Et je suis si impressionné par cette rencontre, si frappé par ce qu’il me dit ainsi que par ce ton à la fois consensuel et tranchant, pacificateur et sans concession, dont nous savons désormais qu’il est sa signature, que j’en tire un portrait que j’intitule « Un Kennedy noir » avant que les éditeurs du magazine auquel je le destine ne me signifient, gentiment mais fermement : vous pouvez faire les prédictions que vous voulez ; vous êtes libre de vous ridiculiser en allant pêcher un parfait inconnu ; mais, de grâce, pas touche à l’icône ; hands off le saint patronyme des Kennedy ; en sorte que je change, effectivement, mon titre qui devient, non plus « Un Kennedy », mais « Un Clinton » noir – je ne me le suis jamais tout à fait pardonné…

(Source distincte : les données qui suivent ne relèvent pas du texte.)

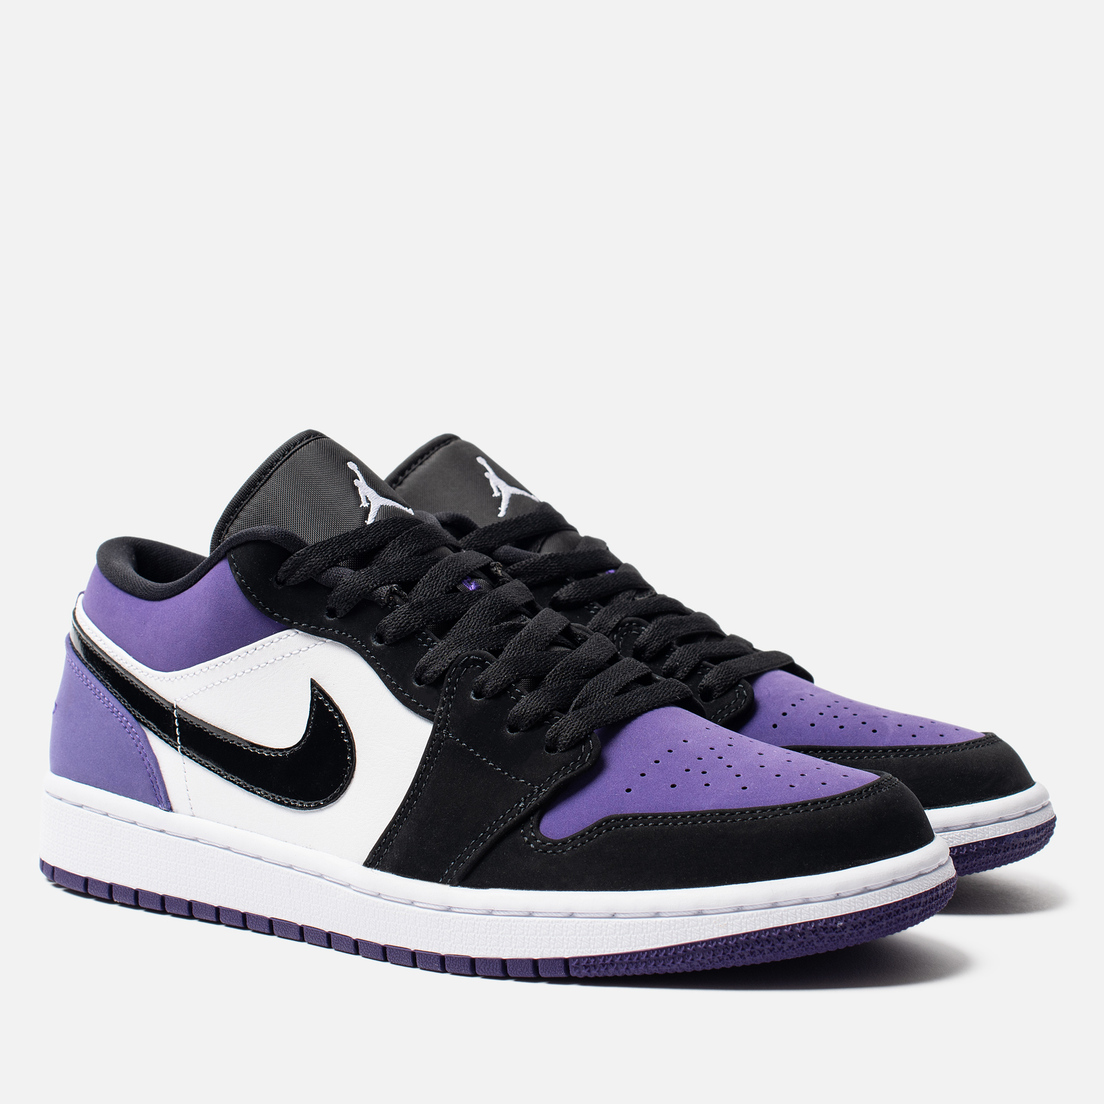 air jordan 1 court purple low
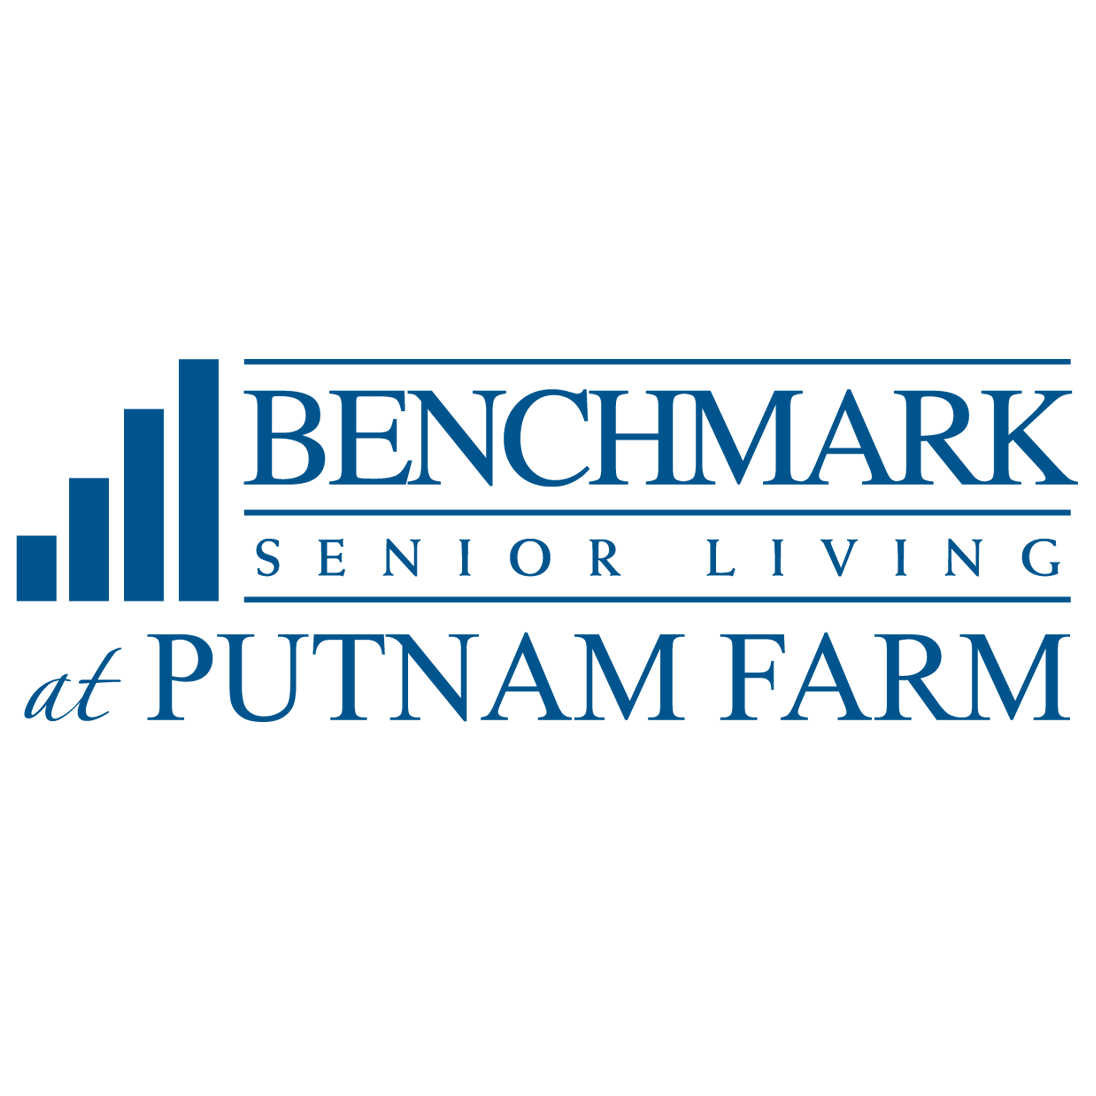 Benchmark Senior Living at Putnam Farm - Danvers, MA 01923 - (978)774-5959 | ShowMeLocal.com

Car, dès ce jour-là, tout était dit.

Cet homme avait la trempe, non seulement d’un président, mais d’un réformateur de haut vol.

Cet intellectuel appartenait à une tradition qui, dans le débat qui a toujours divisé l’Amérique et qui consiste à savoir si elle invente une civilisation nouvelle ou si elle reste spirituellement européenne, plaide pour l’Europe, l’ancrage européen, la fidélité du Nouveau Monde à l’Ancien et à ses valeurs.

Ce fils de père musulman qui tint à me raconter, ce jour-là, comment l’image du peuple d’Israël revenant sur sa terre après des siècles d’exil est de celles qui, dans l’enfance, ont forgé son caractère et son âme, était le seul de tous les leaders américains que je rencontrais capable de prendre à bras-le-corps l’insoluble problème posé par le conflit israélo-palestinien.

Et s’il y avait bien quelqu’un enfin qui, parce qu’il appartenait à l’une de ces minorités visibles qui composent le peuple américain, était en mesure d’adresser à la planète un message de fraternité et d’espoir, c’était encore et toujours lui – d’autant que, n’étant ni fils ni descendant d’esclaves, il pouvait faire cela sans rallumer, aux États-Unis même, la guerre des races et des cultures.

Telle était l’équation existentielle de celui qui est devenu, entre-temps, le 44e président des États-Unis.

L’antiaméricanisme étant la formule sacramentelle de la religion des temps modernes, je ne voyais que lui pour allumer le contre-feu.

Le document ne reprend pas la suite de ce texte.